1. Introduzione sul contesto ordinamentale nazionale

A partire dalle manovre finanziarie avviate nel 2009, divenute assai incisive negli anni successivi, il Legislatore nazionale ha introdotto una serie di interventi tesi a ridurre i trasferimenti agli Enti locali ed a limitare i costi legati agli assetti delle istituzioni1. Sono i consorzi e le Comunità montane ad essere per primi progressivamente privati delle risorse finanziarie statali2. A seguire, tra i molti interventi degni di nota, possiamo rammentare, limitandoci all’universo degli Enti di prossimità e delle forme associative tra Comuni:

1) la legge 23 dicembre 2009, n. 191 (legge finanziaria 2010), specialmente per quanto attiene alla soppressione dei consorzi di funzioni ed alle circoscrizioni di decentramento, nonché all’eliminazione del finanziamento di provenienza statale alle Comunità montane;

2) il d.l. 25 gennaio 2010, n. 2, convertito nella legge 26 marzo 2010, n. 42, relativo alla soppressione dei circondari3 ed alla ridistribuzione delle risorse già attribuite alle Comunità montane (ma degno di menzione, altresì, per il recupero dei consorzi per i bacini imbriferi montani)4;

3) il d.l. 31 maggio 2010, n. 78, convertito nella legge 14 settembre 2010, n. 122, con riferimento alla disciplina dei servizi pubblici locali e delle partecipate, nonché, ovviamente, in relazione alla disciplina recante la determinazione delle funzioni amministrative dei Comuni – e, quindi, della gestione in forma associata e obbligatoria delle funzioni e dei servizi – ed all’attuazione della moltitudine di misure anticrisi introdotte già con la legge 3 agosto 2009, n. 102. In particolare, corre l’obbligo di rammentare la disciplina di cui all’art. 14 del d.l. 78/2010, ove si è stabilita la gestione associata obbligatoria delle funzioni fondamentali comunali, secondo un processo graduale ed incrementale, in un ambito non inferiore a 5.000 abitanti o in alternativa al quadruplo del numero di abitanti del Comune demograficamente più piccolo tra quelli associati (soluzione poi adottata stabilmente anche nella legislazione lombarda), soglia

1 Si pensi all’eliminazione degli organi di particolari categorie di Enti oppure alla rivisitazione del loro numero, o ancora limitando la partecipazione a società.

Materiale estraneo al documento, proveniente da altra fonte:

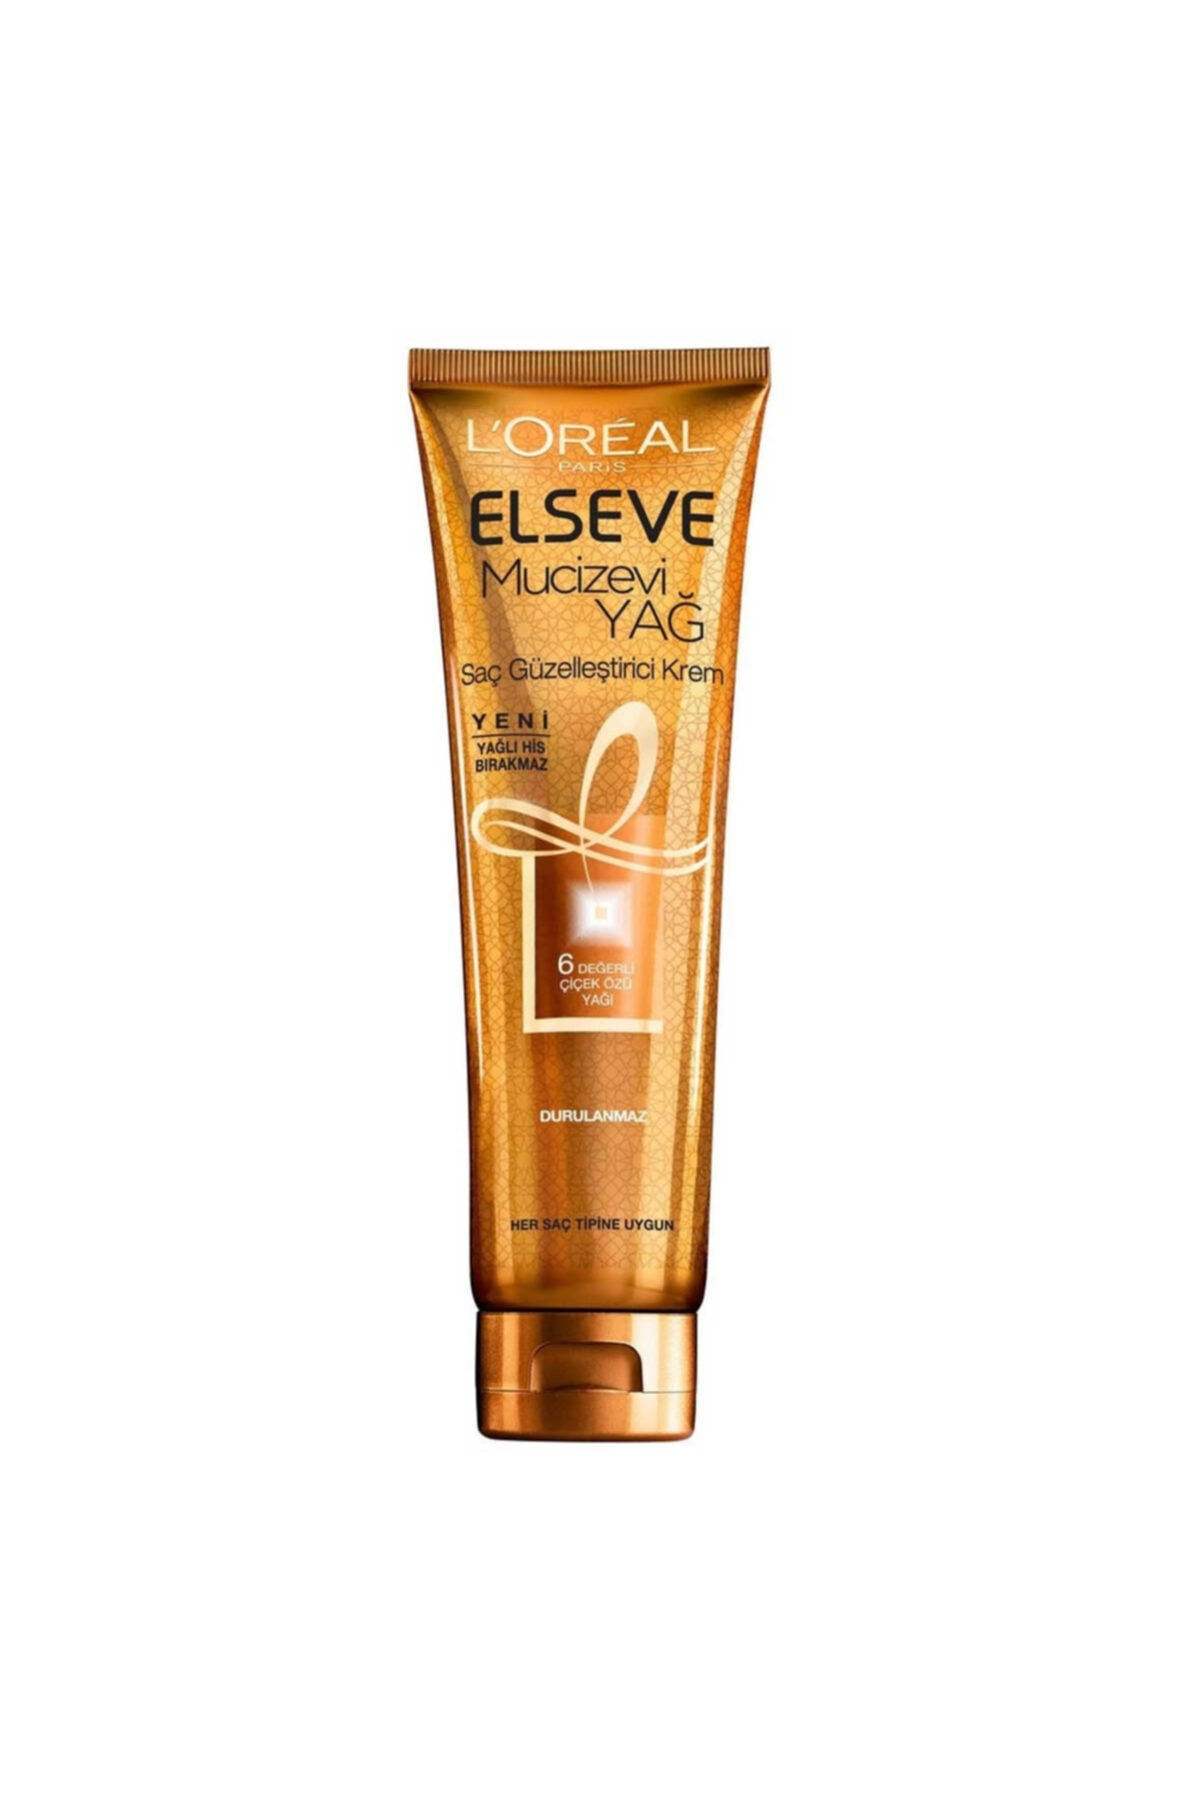 L'Oreal Paris L'oréal Paris Elseve Mucizevi Yağ Saç Güzelleştirici Krem 150 Ml 1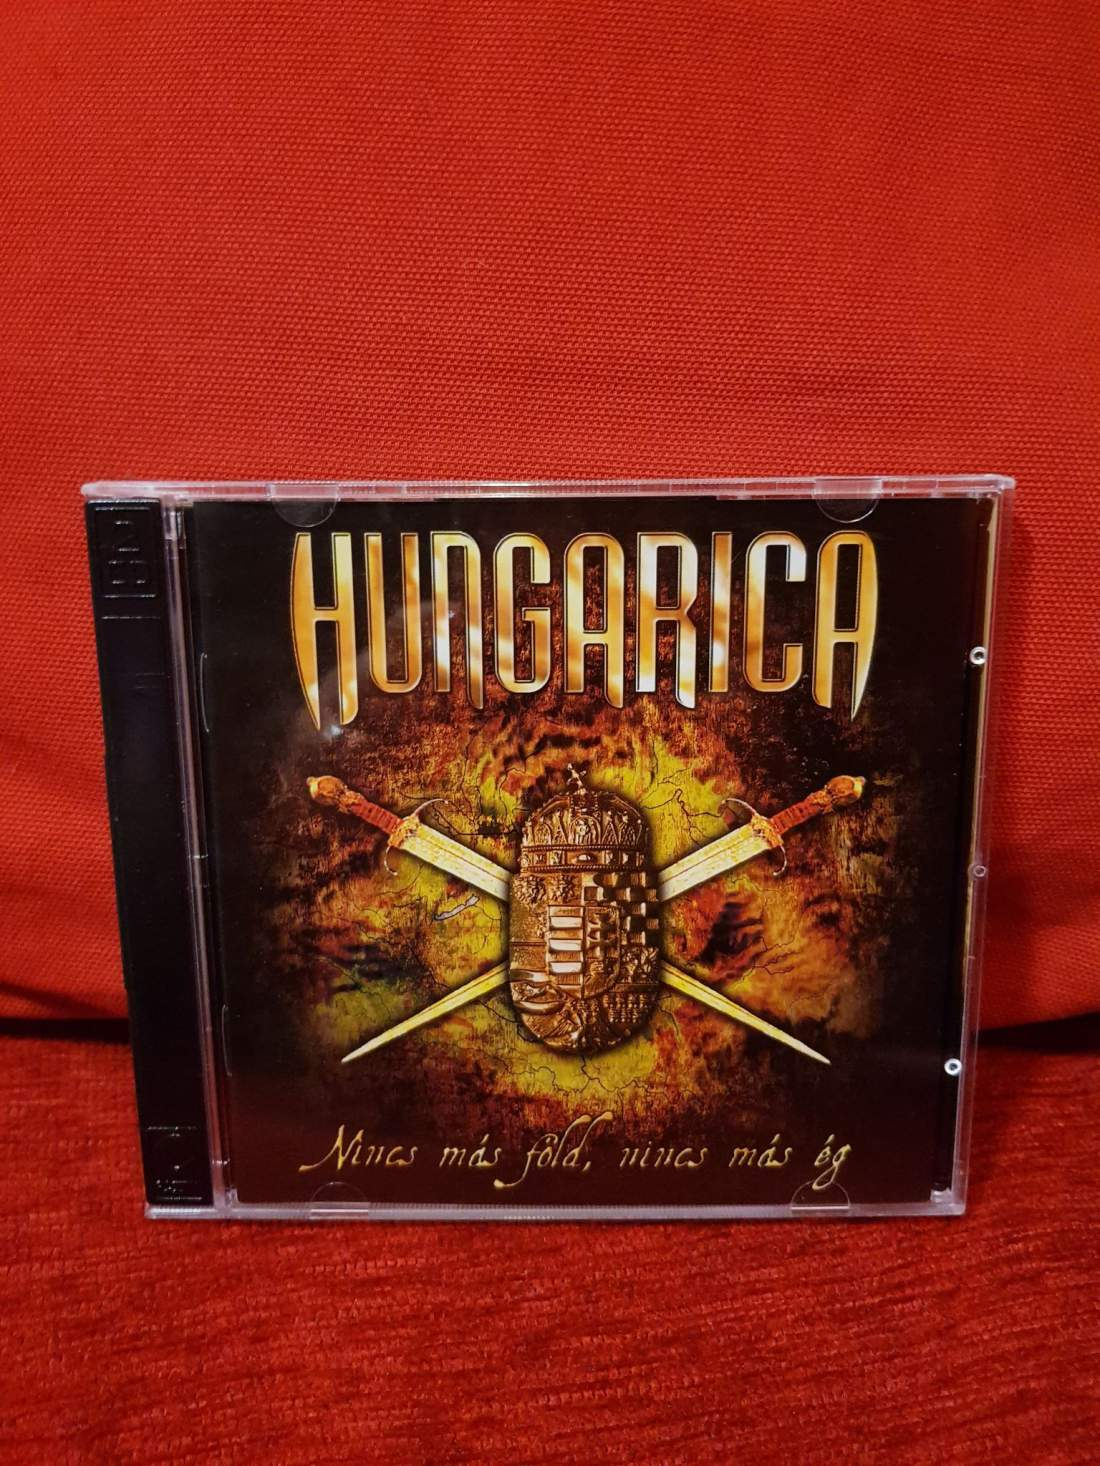 HUNGARICA - NINCS MÁS FÖLD, NINCS MÁS ÉG CD+DVD

2 In particolare, già con la legge n. 244 del 2007 (finanziaria 2008) si era prevista la soppressione delle Comunità montane i cui territori non raggiungessero un’altimetria sufficientemente adeguata, mentre con la legge 191 del 2009, art. 1, comma 187, si è disposta la cessazione del contributo statale alle Comunità montane, con contestuale devoluzione di una quota ai Comuni montani (contributo successivamente ripartito tra tutti i Comuni già ricompresi nella Comunità montana ex art. 1 sexies della legge di conversione del d.l. 2/2010). Non a caso in molte Regioni le Comunità montane sono state poi trasformate in Unioni di Comuni.

3 Ci si riferisce all’abrogazione dell’art. 21, commi 1 e 2, del TUEL, salvi i Comuni superiori di 250.000 abitanti.

4 Inoltre si contempla la soppressione dal 2011 delle Autorità di ambito territoriale costituite obbligatoriamente tra Enti locali ex d. lgs. 152/2006 ai fini della gestione delle competenze in tema di organizzazione, affidamento e controllo del servizio idrico integrato e della gestione integrata dei rifiuti.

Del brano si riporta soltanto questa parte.